Wednesday, March 12, 2014

"Perfection" is a trap, artificial

I get The Wire from the Atlantic magazine people free every week day.  I look quickly at it to see what issues the editors and writers are focusing on.  I often feel that the topics are very temporary and not worth thinking about.  But not today.  I have seen this sort of thing many times.  Since I believe women’s brains and tendencies are extremely valuable, I don’t like to see self-limitation on the part of promising women, or any woman, for that matter.  


Bill


Catherine Rampell at The Washington Post on women in college. "A message to the nation’s women: Stop trying to be straight-A students. No, not because you might intimidate easily emasculated future husbands.
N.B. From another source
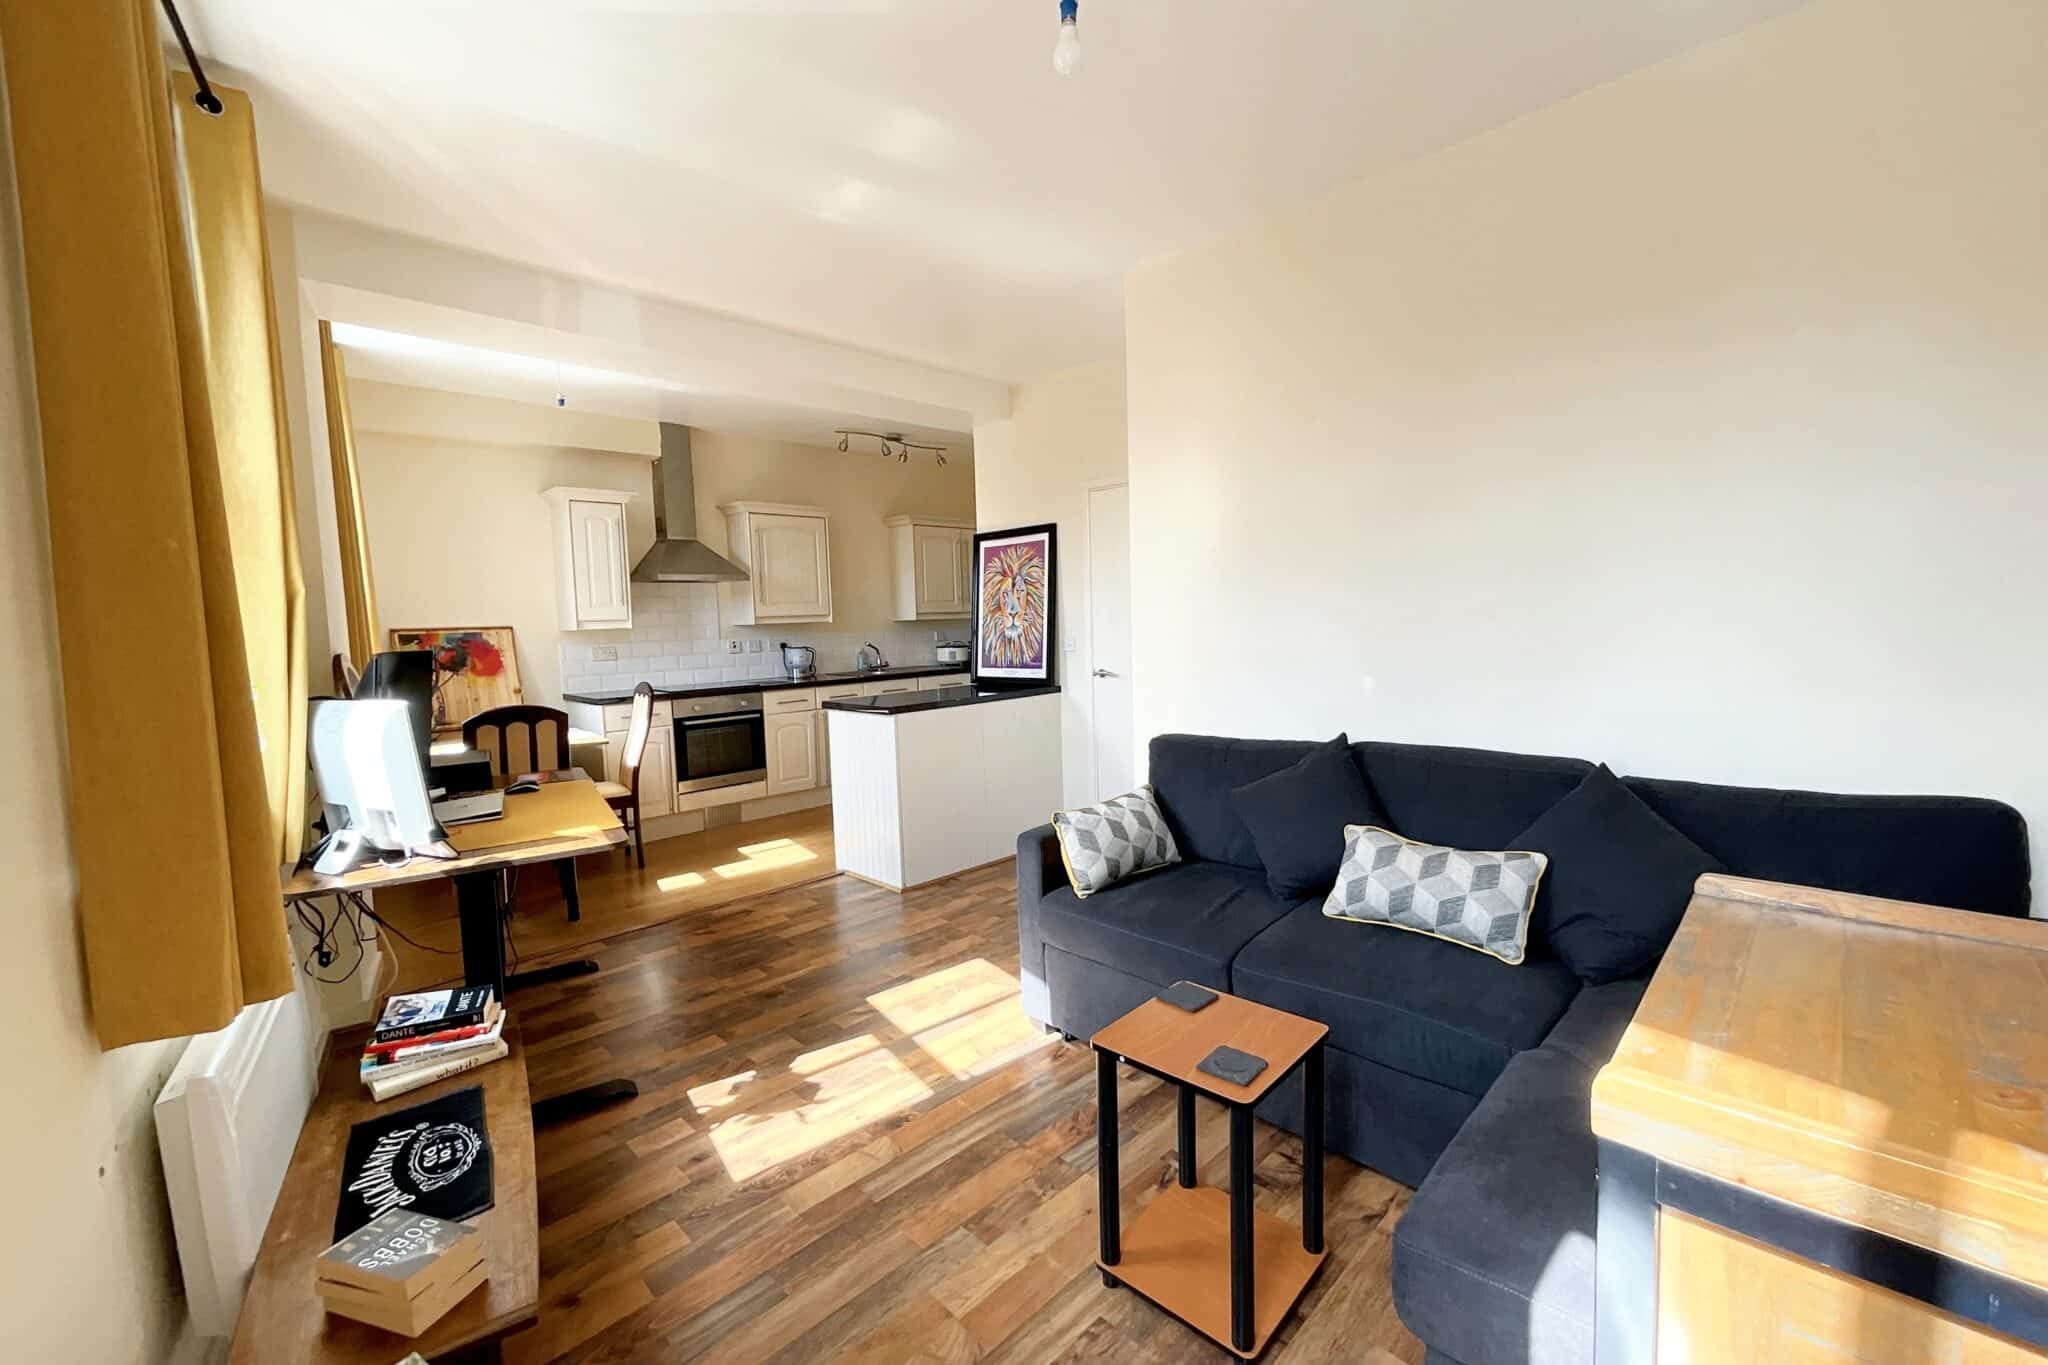 Flat 11, Hadden-Costello House, Leicester, 122 Lansdowne Road, LE2 8AR

Because, by focusing so much on grades, you might be limiting your earning and learning potential," Rampell writes. "The college majors that tend to lead to the most profitable professions are also the stingiest about awarding A’s. Science departments grade, on a four-point scale, an average of 0.4 points lower than humanities departments, according to a 2010 analysis ... And two new research studies suggest that women might be abandoning these lucrative disciplines precisely because they’re terrified of getting B’s," she explains. "I fear that women are dropping out of fields such as math and computer science not because they’ve discovered passions elsewhere but because they fear delivering imperfection in the 'hard' fields that they (and potential employers) genuinely love." The New Yorker's Maria Konnikova tweets, "Congrats @crampell on a great first column @washingtonpost. Why women should 'embrace meaningful mediocrity' for later success."